Parameshwaran Kodeeswaran, Irwin Michael H, Steliou Kosta, Suppiramaniam Vishnu, Pinkert Carl A
Department of Pathobiology, College of Veterinary Medicine, Auburn University, Auburn, AL, USA.
Drug Dev Res. 2015 Mar;76(2):72-81. doi: 10.1002/ddr.21242. Epub 2015 Apr 3.
Mitochondrial dysfunction is a key component of various aging-related pathologies of the brain that result in dementia. As such, it provides an important avenue in development of therapeutic interventions for a host of neurological disorders. A requirement for functional mitochondrial respiratory chain complex I (CI), to accomplish the normal physiological processes regulating memory, seems intuitive. In the present study, a synthetic lipoylcarnitine antioxidant (PMX-500FI; 100 mg/kg/day po) was administered to female ICR mice (3-4-month old) that were subsequently treated with the mitochondrial CI inhibitor, rotenone (400 mg/kg/day). After 1 week, rotenone-induced impairment of neuronal function was evaluated in the hippocampus, a brain region that is involved in regulating memory formation. Electrophysiological recordings in live brain slices showed that long-term potentiation (LTP) was reduced by rotenone exposure (P < 0.05) while pretreatment with PMX-500FI maintained LTP similar to control levels (P > 0.05).
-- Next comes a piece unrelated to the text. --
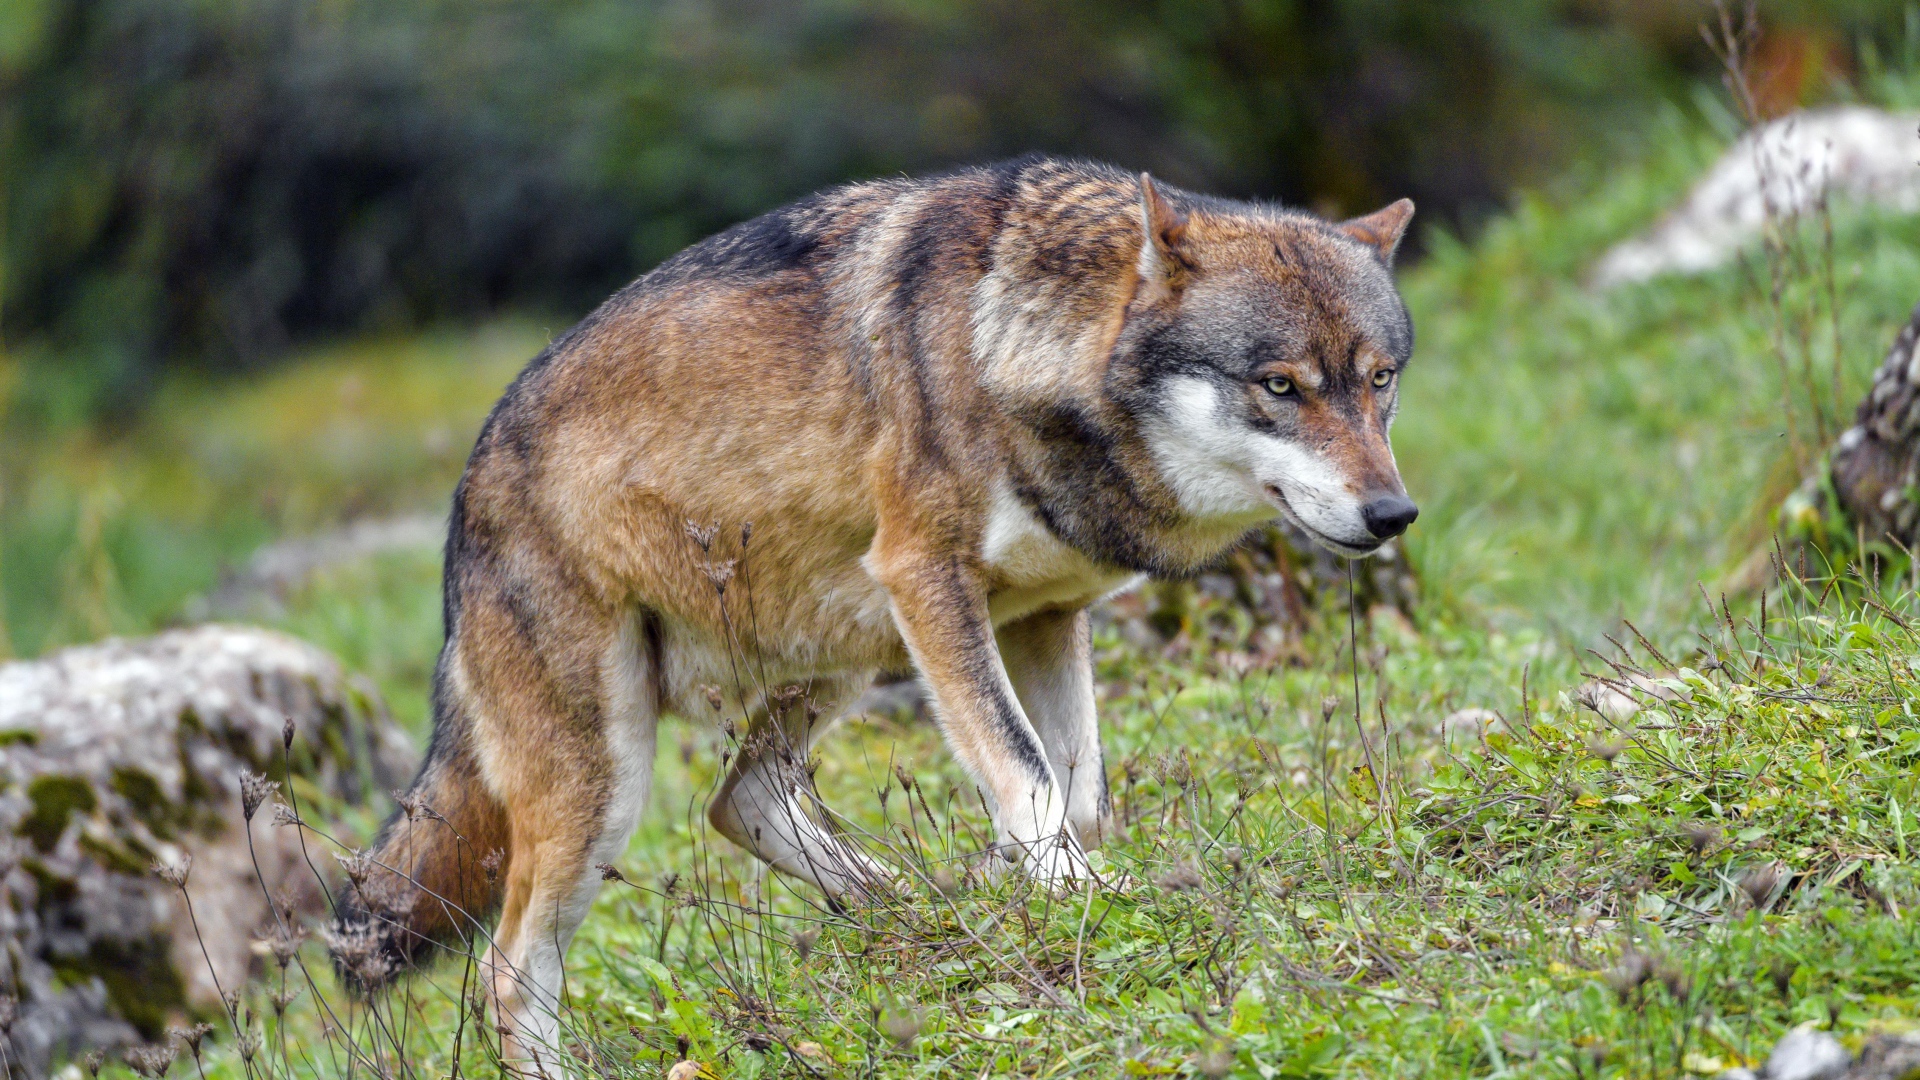 A large stern gray wolf walks through the grass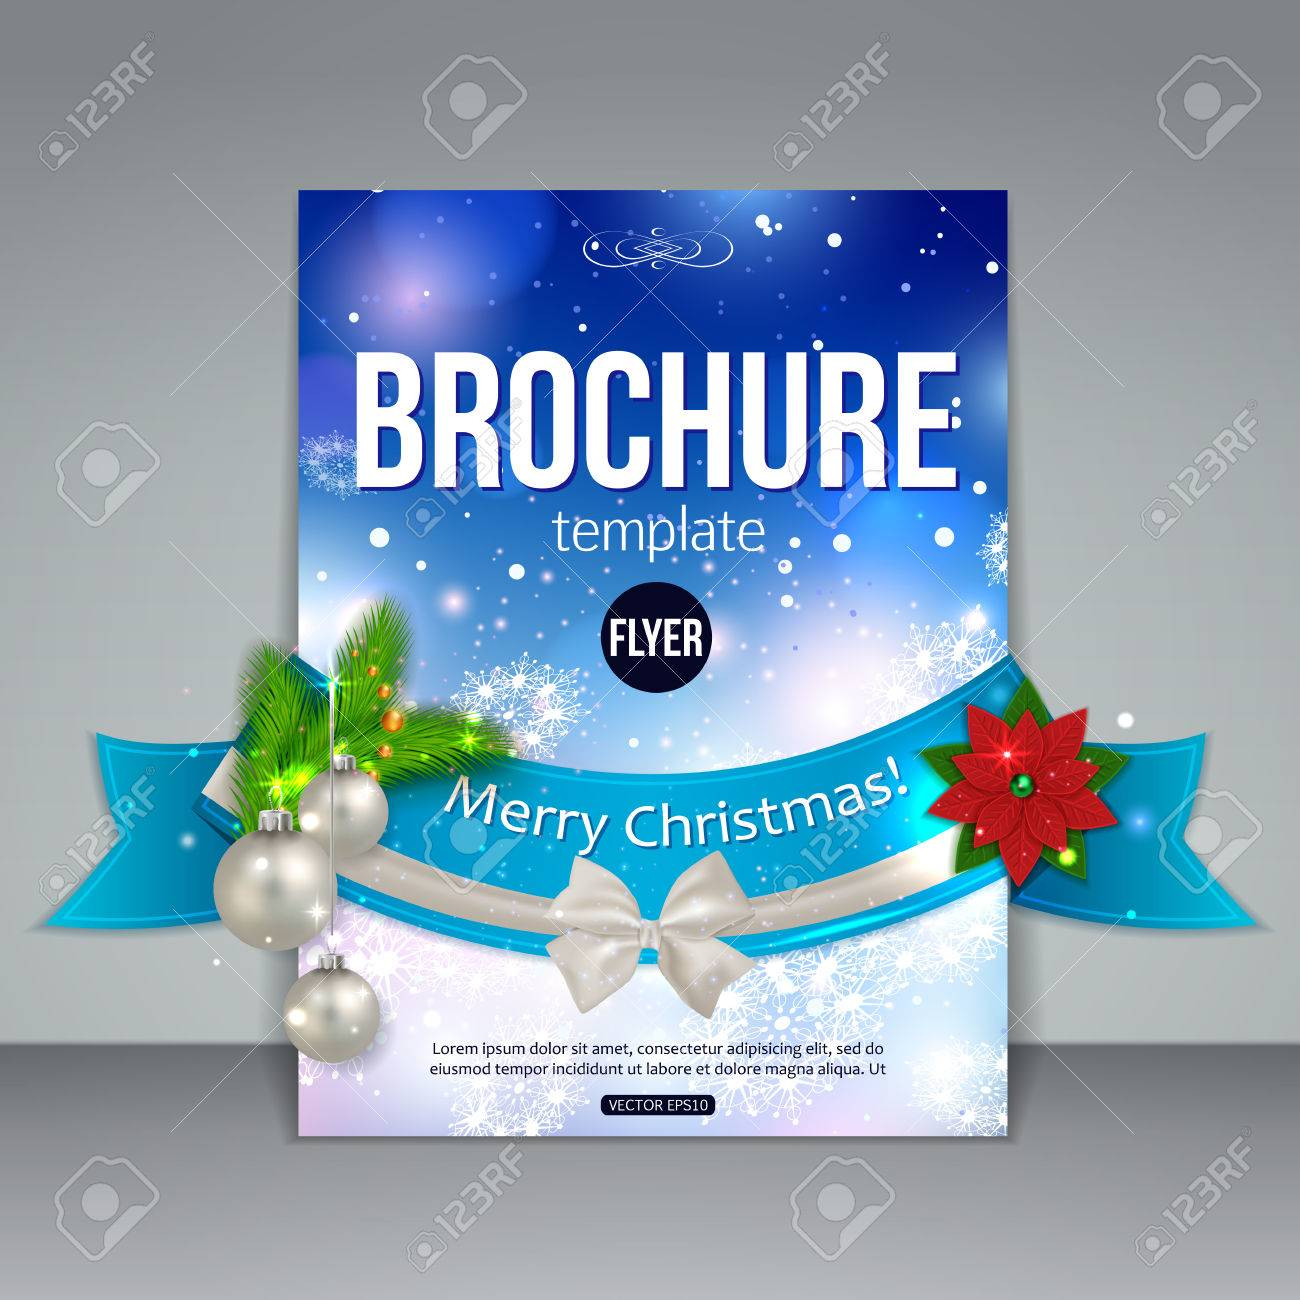 Christmas Brochure Template. Abstract Flyer Design With Xmas.. Pertaining To Christmas Brochure Templates Free

Potentiation during theta burst stimulation (TBS) was similar among treatment groups (P > 0.05); however, neurotransmitter release, which increased in control mice after TBS, was lower in rotenone treated mice (P < 0.05), and was accompanied by reduced basal synaptic transmission (P < 0.05), increased proapoptotic signaling and decreased extracellular signal-regulated kinase1/2 (ERK1/2) phosphorylation (P < 0.05). For each of these determinations, pretreatment with PMX-500FI alleviated the harmful effects of rotenone. These results illustrate that treatment with antioxidant PMX-500FI is protective against rotenone-induced impairment of neuronal bioenergetics in the mouse hippocampus, in regard to both excitatory synaptic physiology and proapoptotic signaling. The protective effect of PMX-500FI against rotenone-induced disruption of cellular bioenergetics may have important therapeutic implications for treating aging-related dementia and other diseases related to mitochondrial dysfunction and/or oxidative damage.
线粒体功能障碍是导致痴呆的各种与衰老相关的脑部病变的关键组成部分。因此,它为开发一系列神经疾病的治疗干预措施提供了一条重要途径。功能性线粒体呼吸链复合体I(CI)对于完成调节记忆的正常生理过程似乎是直观的需求。在本研究中,将合成的硫辛酸肉碱抗氧化剂(PMX - 500FI;100毫克/千克/天,口服)给予雌性ICR小鼠(3 - 4个月大),随后用线粒体CI抑制剂鱼藤酮(400毫克/千克/天)进行处理。1周后,在参与调节记忆形成的脑区海马体中评估鱼藤酮诱导的神经元功能损伤。在活脑切片中的电生理记录显示,鱼藤酮暴露会降低长时程增强(LTP)(P < 0.05),而用PMX - 500FI预处理可使LTP维持在与对照水平相似的水平(P > 0.05)。在theta爆发刺激(TBS)期间的增强在各治疗组之间相似(P > 0.05);然而,在对照小鼠中TBS后增加的神经递质释放,在鱼藤酮处理的小鼠中较低(P < 0.05),并伴有基础突触传递减少(P < 0.05)、促凋亡信号增加和细胞外信号调节激酶1/2(ERK1/2)磷酸化减少(P < 0.05)。对于这些测定中的每一项,用PMX - 500FI预处理都减轻了鱼藤酮的有害影响。这些结果表明,抗氧化剂PMX - 500FI的治疗在兴奋性突触生理学和促凋亡信号方面,对鱼藤酮诱导的小鼠海马体神经元生物能量学损伤具有保护作用。PMX - 500FI对鱼藤酮诱导的细胞生物能量学破坏的保护作用可能对治疗与衰老相关痴呆以及其他与线粒体功能障碍和/或氧化损伤相关的疾病具有重要的治疗意义。